AMP Engine Best Practices

Version:
2022.3
Last modified: December 27, 2022

Purpose of this document is to answer questions related to the new AMP Engine. The document is intended for both existing admins and new users. 

For more information about AMP Engine, go to the Alteryx AMP Engine and Engine help pages. 

General Topics

Why do I want to enable AMP engine?
  • For most use cases AMP engine provides significant performance and efficiency improvements over the original Engine when provided with sufficient system resources. For more information on system resource requirements and recommendations, see the sections How to manage system resources with AMP? and What are the AMP engine system requirements?.
  • AMP is designed to work with larger volumes of data at a higher velocity and typically executes workflows faster, with more complete usage of machine resources compared to the original Engine. 
  • The original Engine architecture allows for mostly single-threaded processing, where your data are processed record-by-record sequentially. On the other hand, the new AMP concept allows for massively multi-threaded processing. AMP processes records in packets to improve run times, and tools can run in parallel. AMP also uses more performant algorithms when grouping and sorting records which can affect the output record order.
  • The AMPlify Your Workflows article describes some of the performance benefits of using the AMP engine:
    • The most commonly used tools will perform best on AMP. 
    • The benefit of AMP typically increases as data sizes become larger.
    • Performance varies based on data sizes, underlying hardware, data center and network infrastructure, Alteryx Server configuration, and workflow construction. 

Benchmark Results

We used the following measurements for benchmarking:

  • Workflow throughput = (workflows / runtime). Runtime is the total time to run a workflow. 
  • Engine throughput = (workflows / engine_runtime).
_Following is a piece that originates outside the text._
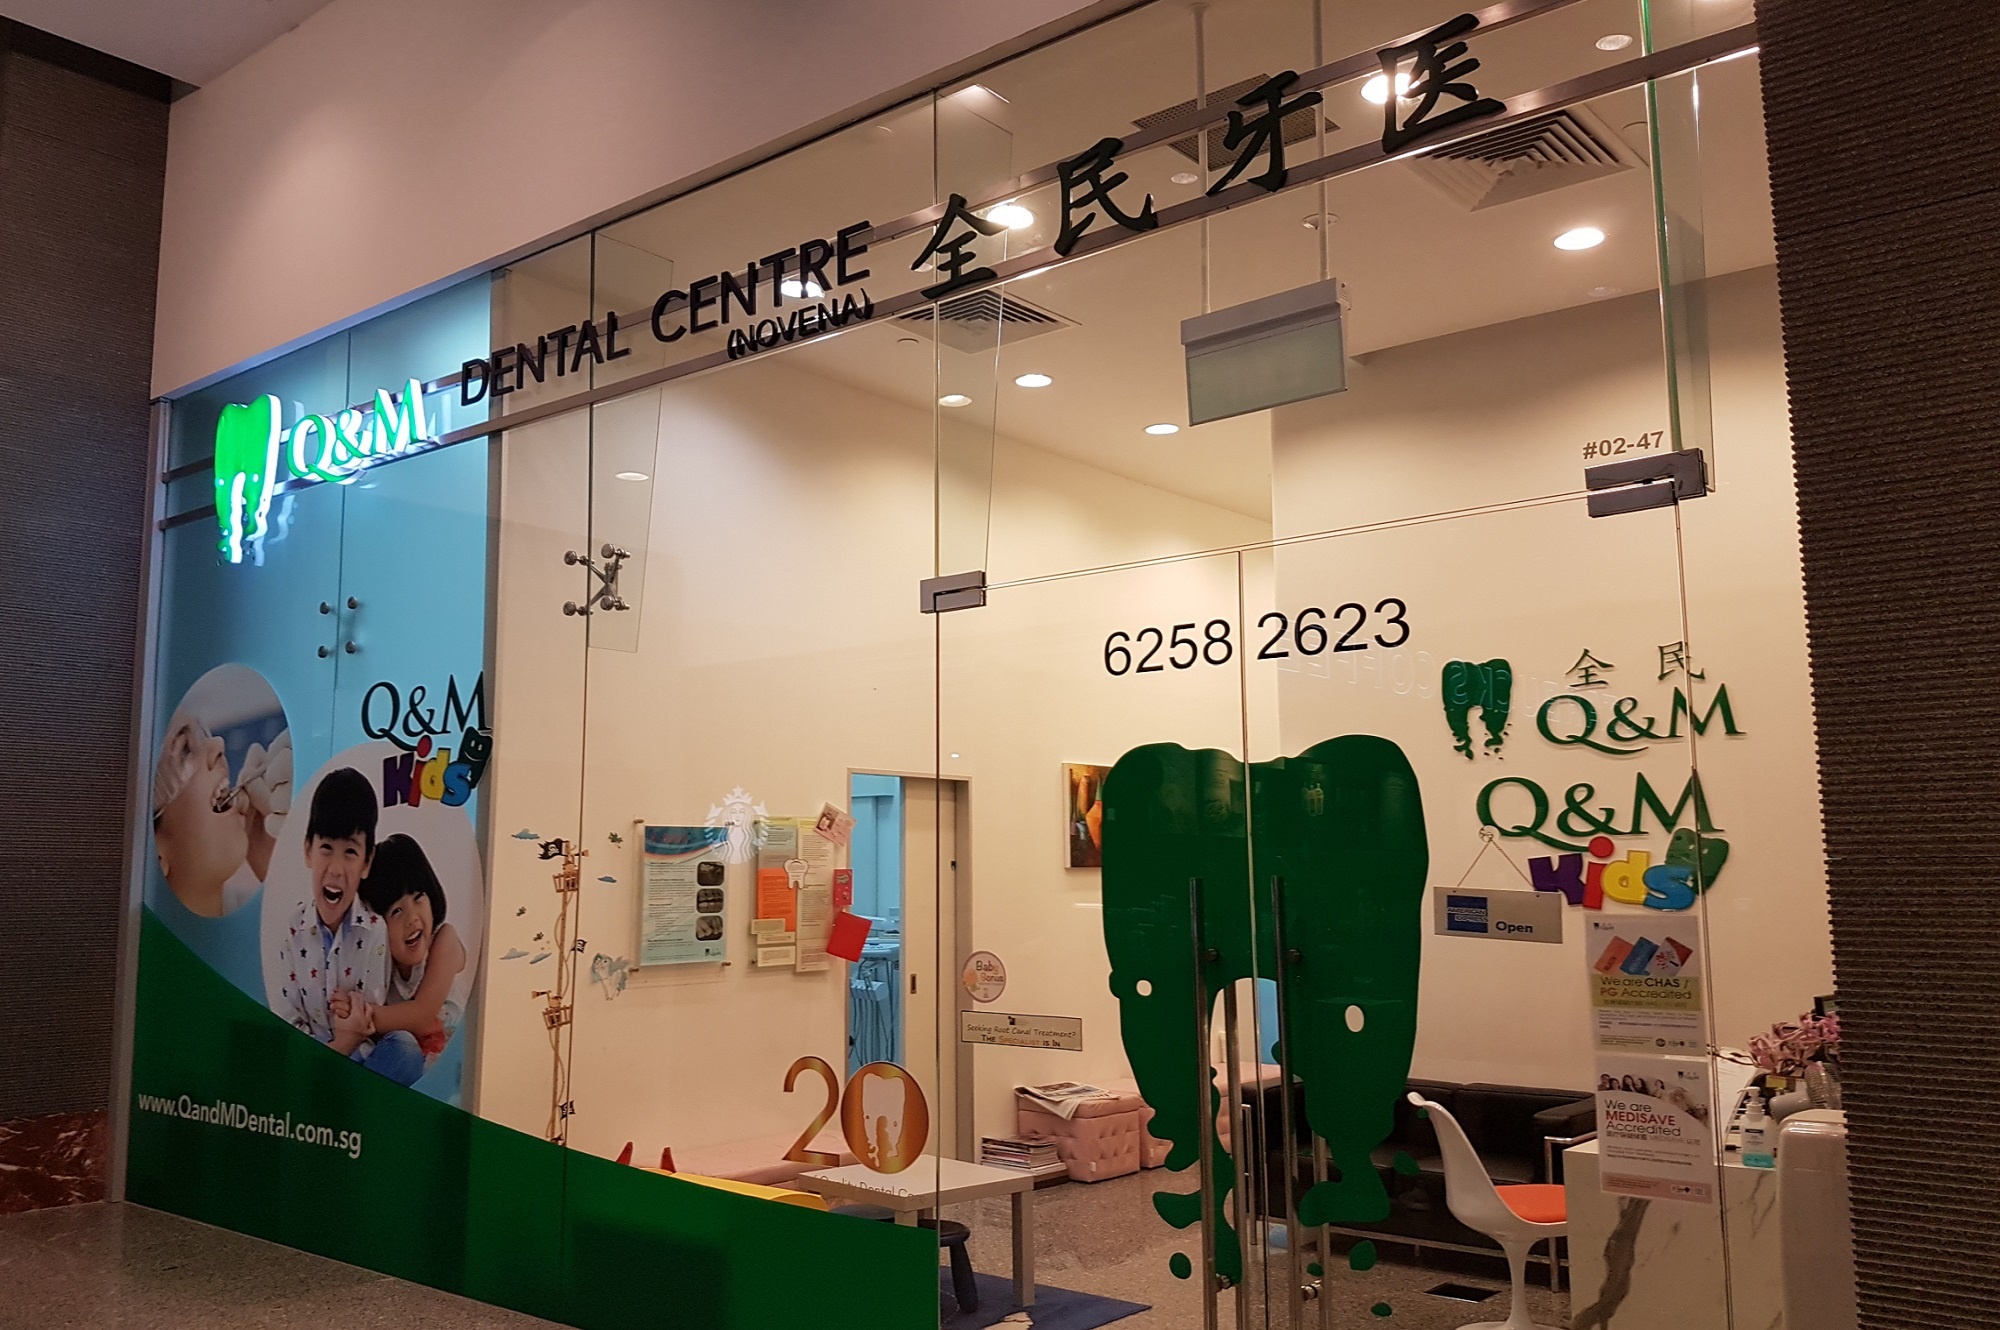 Q&M Dental Centre at Velocity @ Novena Square

Engine_runtime is the time when the engine runs a workflow. 
  • Workflows = number of workflows.

When there is only 1 workflow, there is no significant time difference between the engine throughput and the workflow throughput. If there are 2 workflows in a queue with just 1 worker, the runtime of the first workflow impacts the runtime of the second one.

Benchmark Results for a Typical Data Prep Task


Benchmark results for a typical data prep task.

Benchmark results for a typical data prep task.

Benchmark Results for a Typical CPU Heavy Predictive or Machine Learning Task


Benchmark results for a typical CPU heavy predictive or machine learning task.

Benchmark results for a typical CPU heavy predictive or machine learning task.

For more information, see documentation links at the bottom of this document. 

What changes were made in Designer and Server?

Designer has enabled AMP by default for new workflows. For new Server installations or new workers on existing Servers, the default will be to allow both AMP and original Engine execution. Workflow settings determine which engine is used. 

What if I want to preserve my current engine system settings?

1.    Controller > General > Enable AMP Engine 

      1.  Before upgrading, note your current settings.

      2. After upgrading, restore the selection to your desired value. 

2.    Worker > General > Allow Server to manage workflows running simultaneously 

      1. Before upgrading, note the number set for ‘workflows allowed to run simultaneously’.

       2. After upgrading, deselect ‘Allow Server to manage workflows running simultaneously’.

       3. Input the number you saved for ‘workflows allowed to run simultaneously’.

3.    Engine > General > Engine 

     1. Before upgrading, note your current settings.

     2. After upgrading, restore the selection to your desired value. 

4.    Engine > General > Run engine at a lower priority

      1. Before upgrading, note your current settings.

      2. After upgrading, restore the selection to your desired value. 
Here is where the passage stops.